Я не мог прочесть его мыслей, но буквально физически чувствовал: он растерян. Работа окончена, и вместе с ней исчерпан смысл… смысл, дающий силы жить дальше.
Убийца вздохнул, это было первым проявлением слабости с самого начала свинцового аттракциона. Затем оперся о дверной проем и медленно сполз по нему прямо рядом с телом последней жертвы – крупного мужчины средних лет.
Убийца поднял пистолет и некоторое время разглядывал его, как будто впервые увидел, и не мог понять, что хромированное огнестрельное чудо делает в его руках.
Еще один поворот ствола. И тут я почувствовал, нет, понял совершенно отчетливо, что сейчас убийца обернется и увидит меня.
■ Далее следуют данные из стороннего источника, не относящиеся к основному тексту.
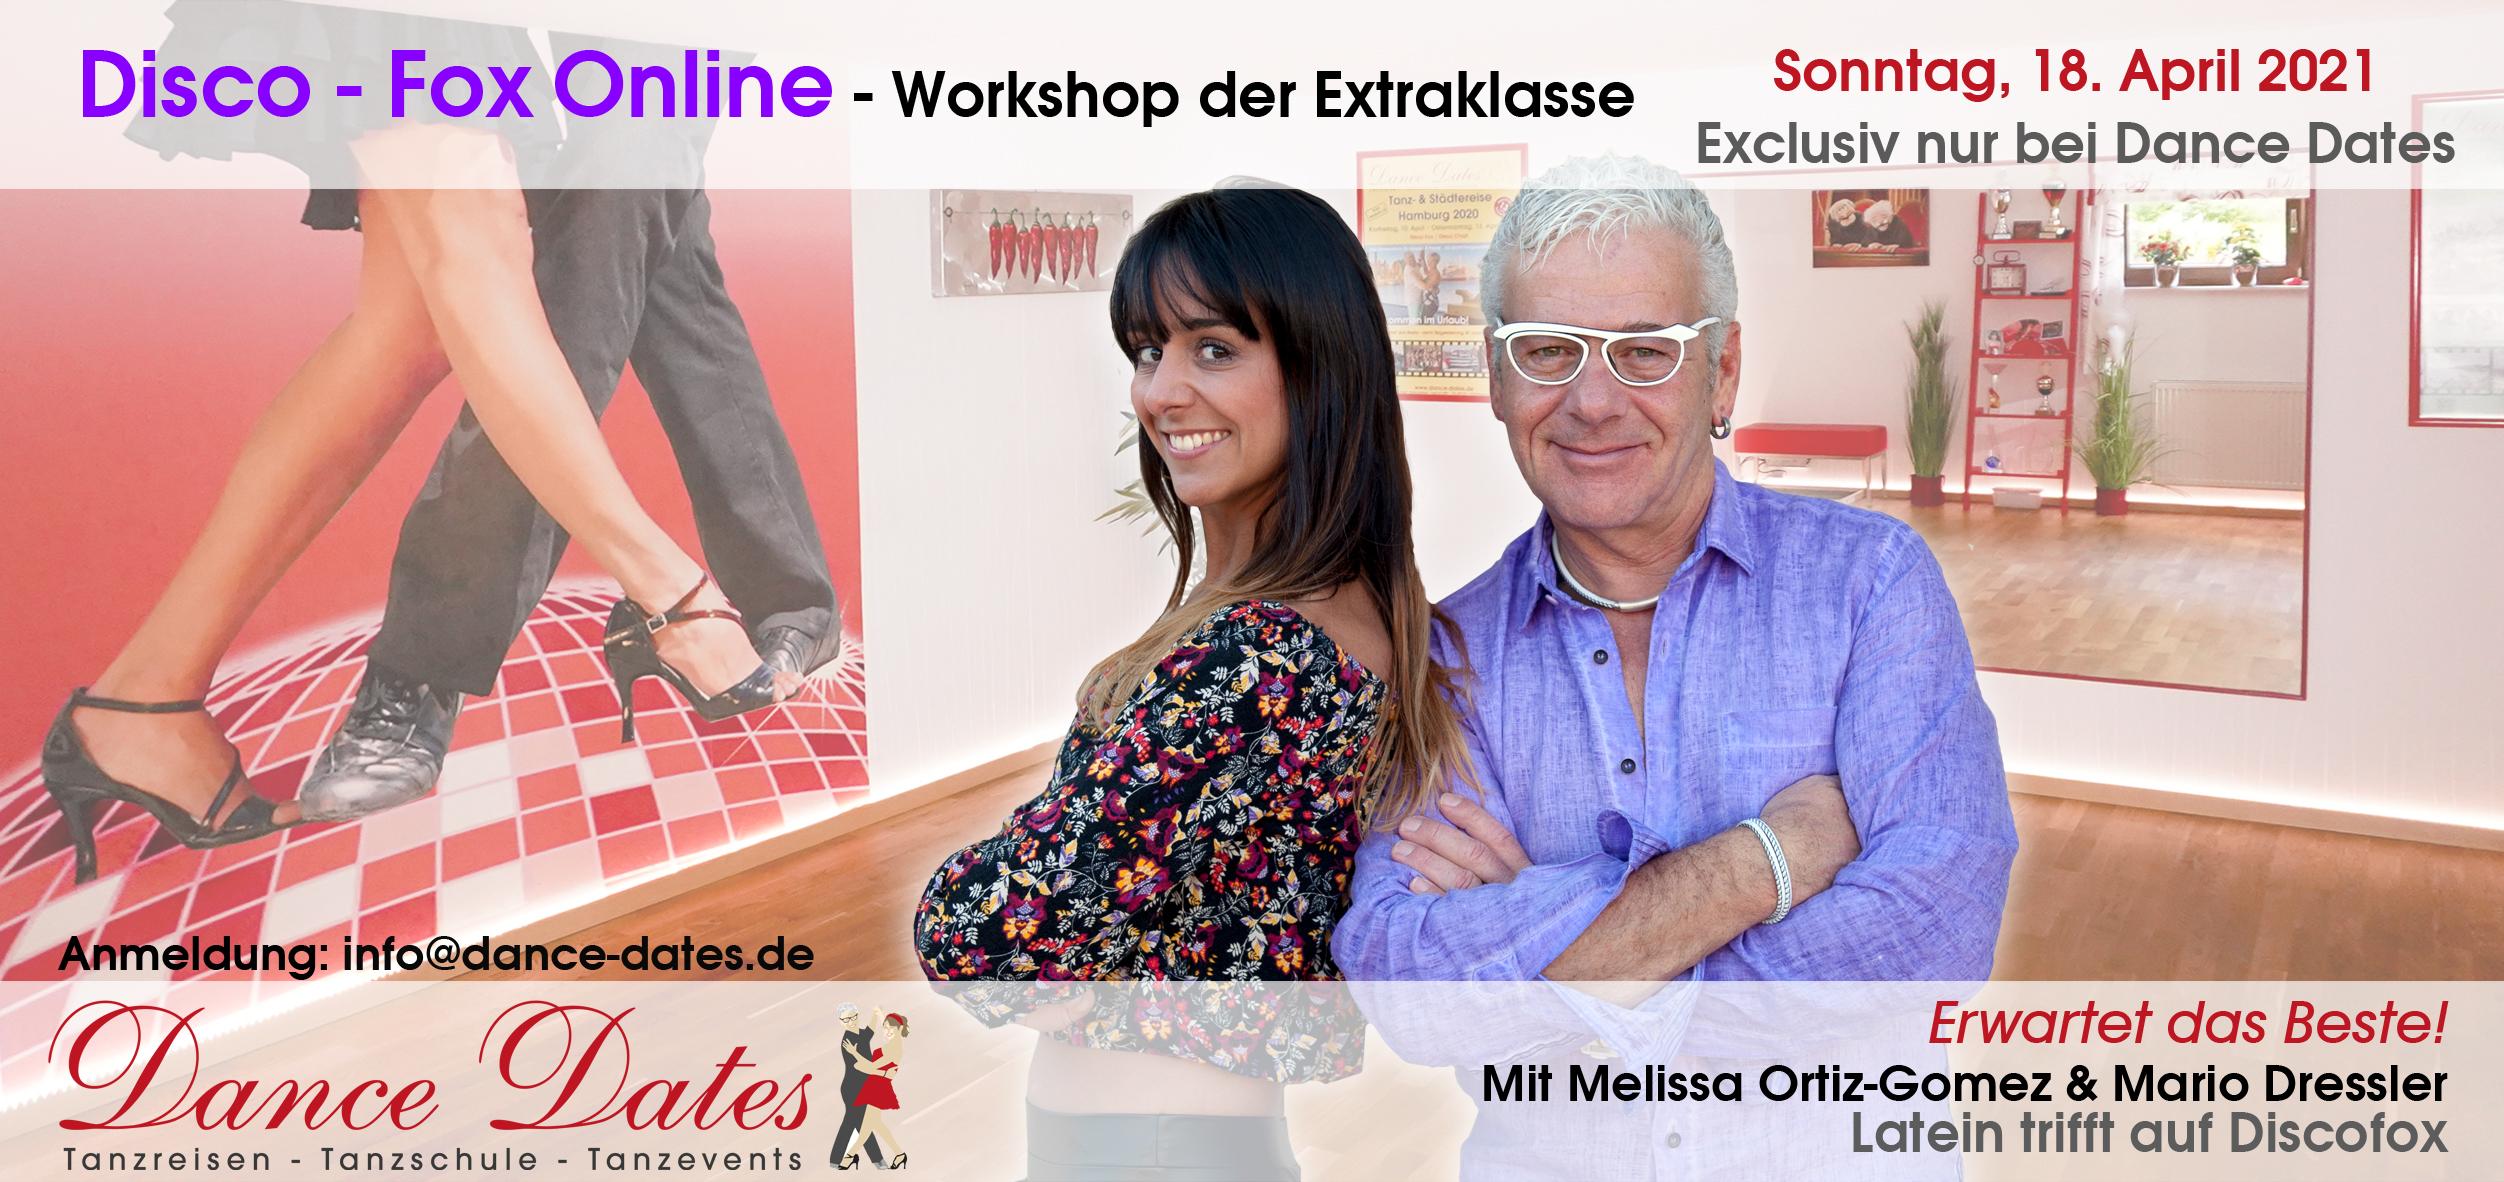 Disco-Fox-Workshop der Extraklasse – zum ersten Mal Online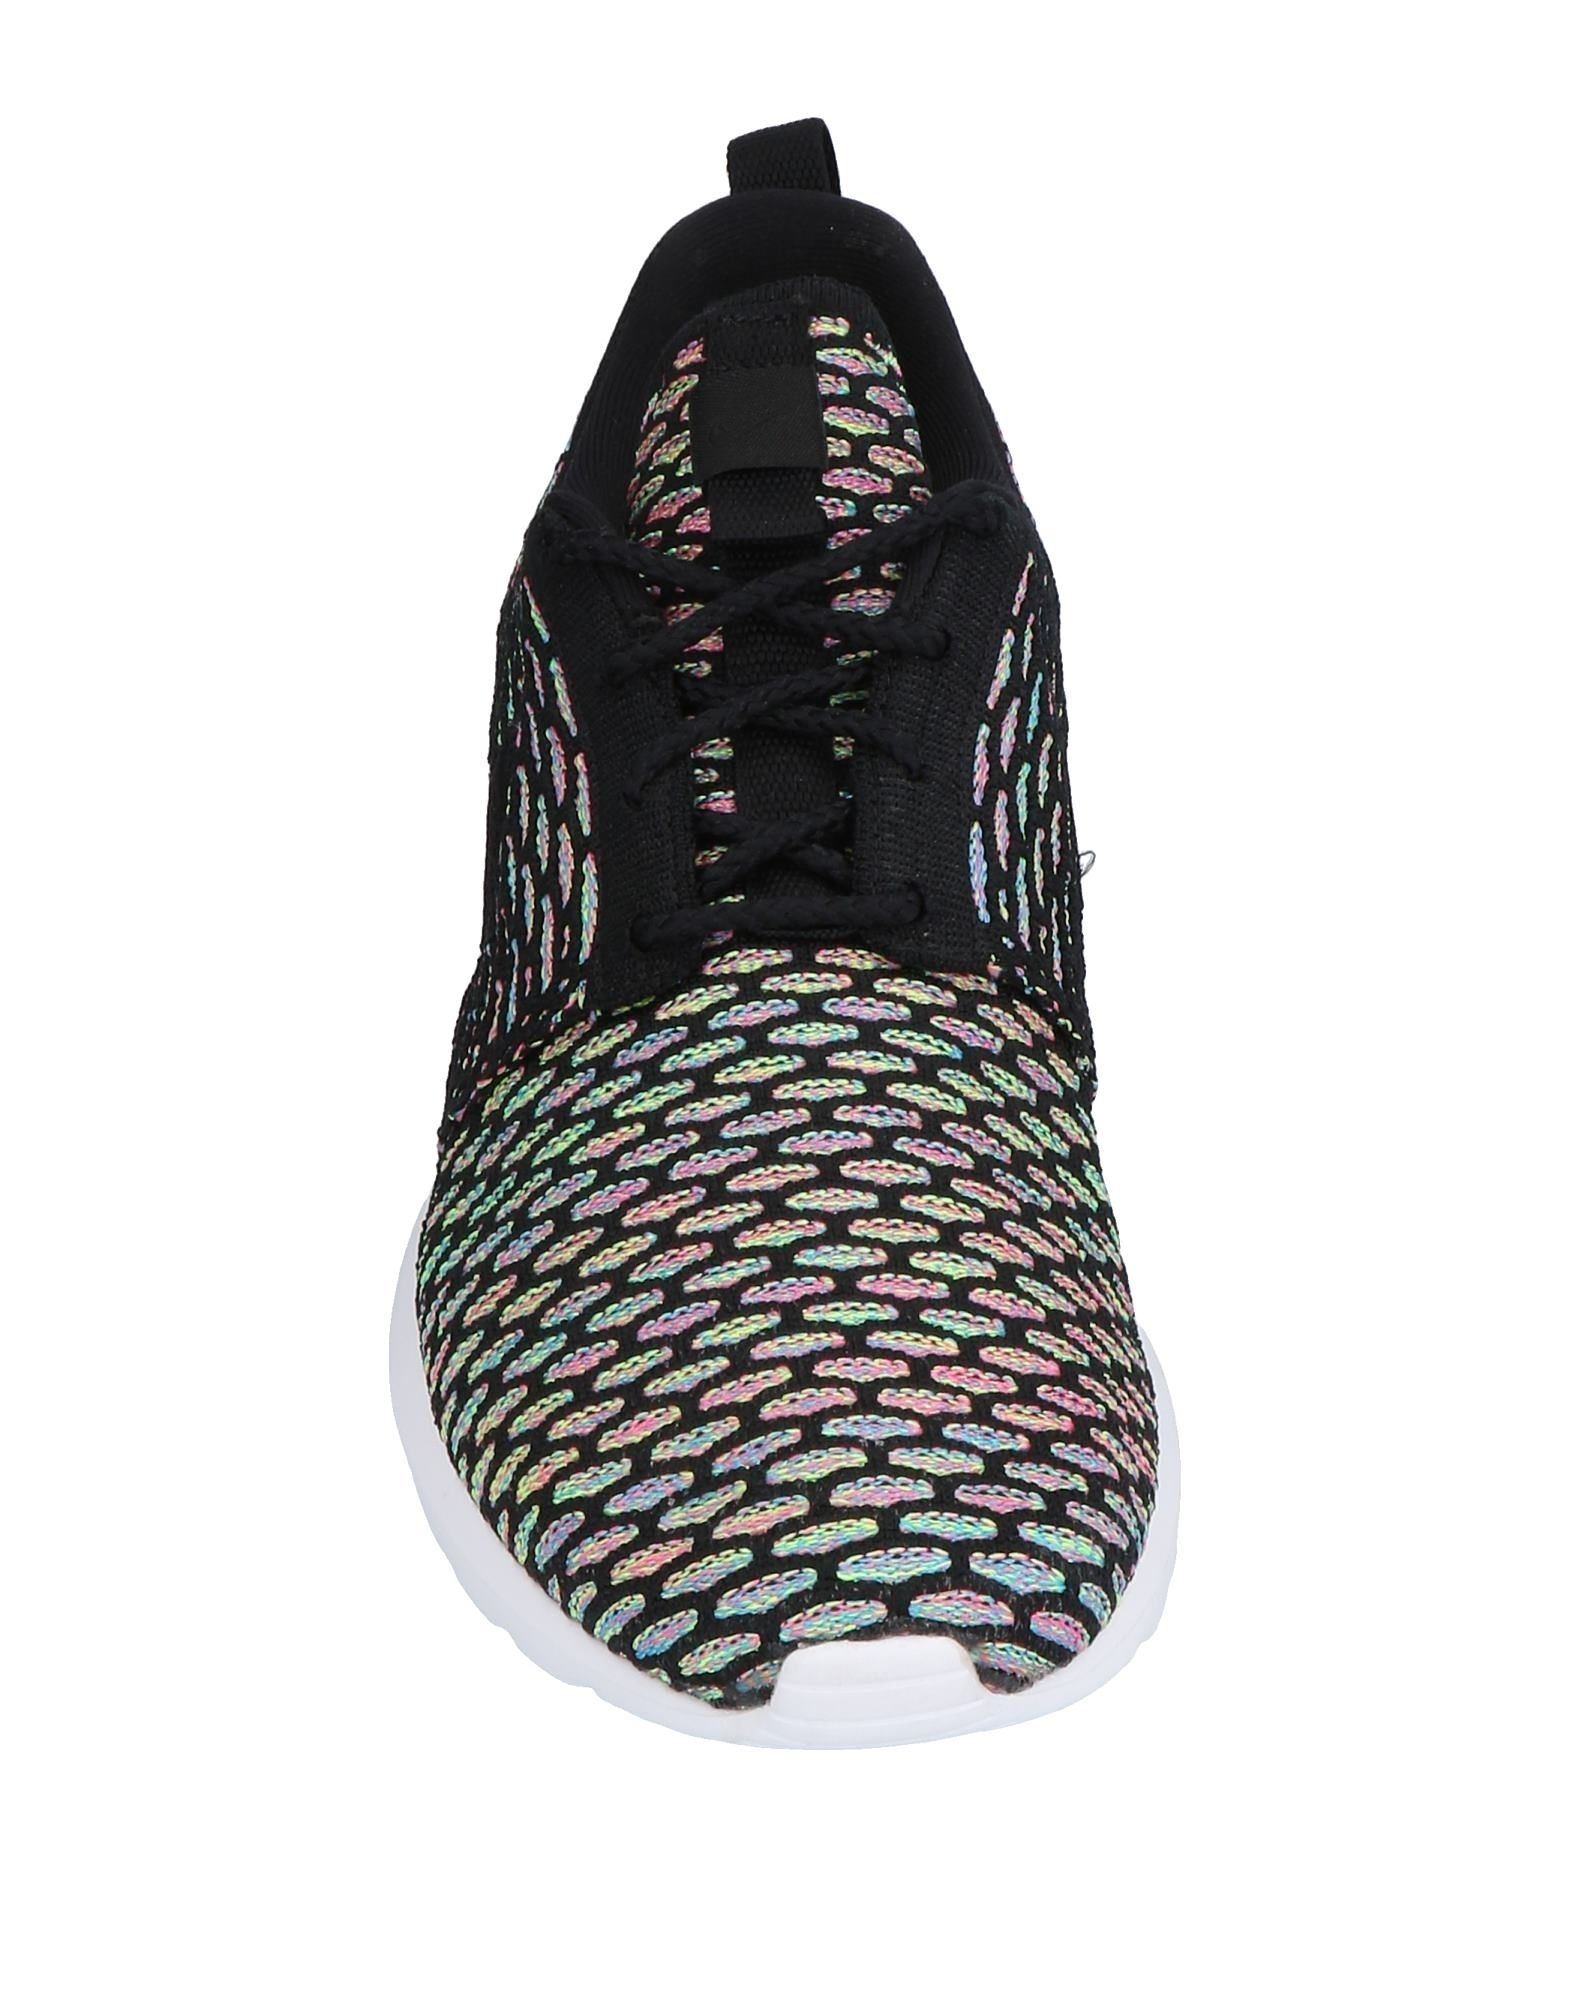 Rabatt Nike echte Schuhe Nike Rabatt Sneakers Herren  11486236DJ aed37f

Наверное, я должен был испугаться и попытаться бежать, но оставался стоять, словно агнец у жертвенника, осознающий свою роль и ее важность для успеха предстоящей мистерии.
За темной спиной незнакомца маячил светлый прямоугольник окна. Солнечные блики ударили по глазам, и на секунду я увидел радугу, очень четкую, словно нарисованную в детской книжке со стихами о добре и правде.
«Увидеть радугу – к счастью», некстати вспомнил я.
Голова убийцы медленно поворачивалась в мою сторону. Кажется, я услышал хруст шейных позвонков, почему-то показавшийся мне похожим на первые аккорды известной песни, когда барабанщик стучит палочкой о палочку, а его команда только готовится грянуть первые аккорды.
«Перемен, требуют наши сердца».
Под голос кумира восьмидесятых, лучшей мелодии для будильника мне подобрать не удалось, я с трудом продрал глаза.
Это было обычное летнее утро. Ничего экстраординарного. На улицах истекающие потом граждане спешат по своим неотложным делам, но делают это как-то лениво, медлительно. Похоже, солнце, накалившее сентябрьский воздух до 30 с лишним градусов было единственным, что могло заставить их поторопиться. Люди смахивали с лиц крупные тяжелые капли пота, останавливались на секунду, озирались, словно в поисках кого-то или чего-то, что может принести им прохладу и облегчение. Возможно, они просто искали ближайшую бочку с квасом, но мне в тот день во всем мерещилось что-то непознанное, сакральное.
И все-таки то утро не было обычным. Я проснулся с каким-то щемящим душу чувством. В нем не было ничего от регулярной тревоги, что-то часто она стала стучаться в мою душу, изрядно потрепанную житейскими неприятностями. Тревога, когда она зашкаливала, порождала панику, и мне приходилось включать чудеса воли и самоотверженности, чтобы не дать непрошенной гостье залезть своими липкими щупальцами за воротник, пробежать дрожью по всему телу и захлестнуть меня с головой. Паника никого не доводила до добра, эту аксиому я постарался принять на веру. Впрочем, есть довольно много вещей, которые я принимаю на веру, но несоизмеримо больше существует тех, в которых я искренне сомневаюсь.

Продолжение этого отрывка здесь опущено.